A cost-effective way to detect a rogue network is by monitoring network activity and specifically looking for it. Another way to appropriately deal with rogue subnets is to have routers properly configured to reject traffic from all network addresses not approved. While this won't stop small rogue networks from operating within a limited range, it will mitigate the risk of damage caused by the rouge subnet by isolating the traffic and preventing it from affecting the greater enterprise LAN.
Connecting to outside networks
Misconfigurations at partner sites can also affect a company's network security, yet companies have no direct control over these systems. A partner providing credit card verification, for example, may have misconfigured the SSL encryption strength, have an expired digital certificate on their server or other quality of service issues, all of which could impact the validity of the transaction.

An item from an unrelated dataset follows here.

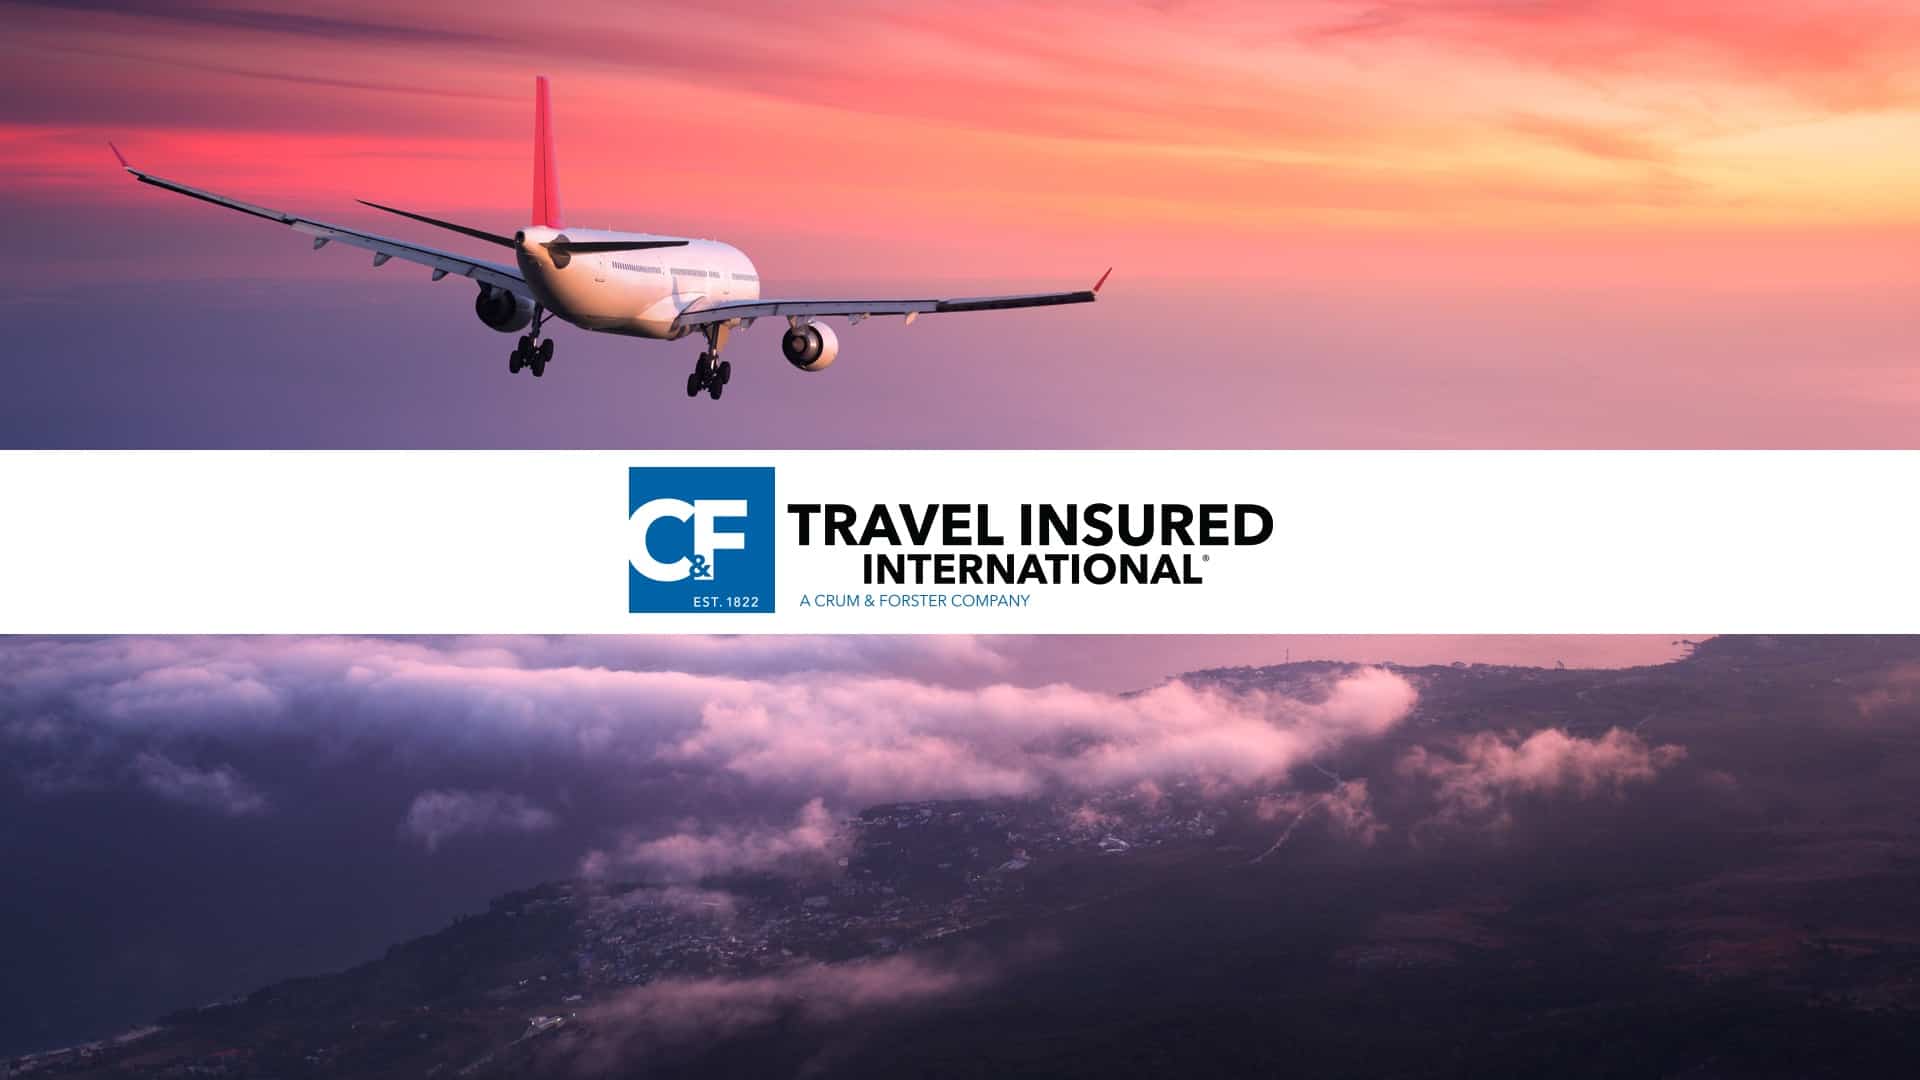 is travel insured international a good company

It is incumbent upon businesses to know as much as possible about what their customers are experiencing with regard to transactions that occur between them and their partners' networks. Analyzing the data can identify the strength of the encryption, validate digital certificates and ensure an adequate level of performance and other aspects of the remote server for enforcing service level agreements.
Before deploying a new enforcement architecture, experienced IT managers will gain visibility into how their existing security infrastructure is working. Proper border device configuration and verification at regular intervals through monitoring is the most cost-effective way to ensure that network traffic satisfies security requirements and maintains business requirements as well.
While constant monitoring and analysis are time consuming and costly endeavors for IT departments, new solutions are appearing which automate these processes and make them practical as a way of ensuring the ongoing security health of enterprise networks. This new generation of security applications enables enterprises to easily and cost-effectively ensure their security policies are in effect across the network, their security implementations are correct and their business practices are being effectively executed.
Taher Elgamal is co-chairman and chief technology office, Securify, Inc. (www.securify.com).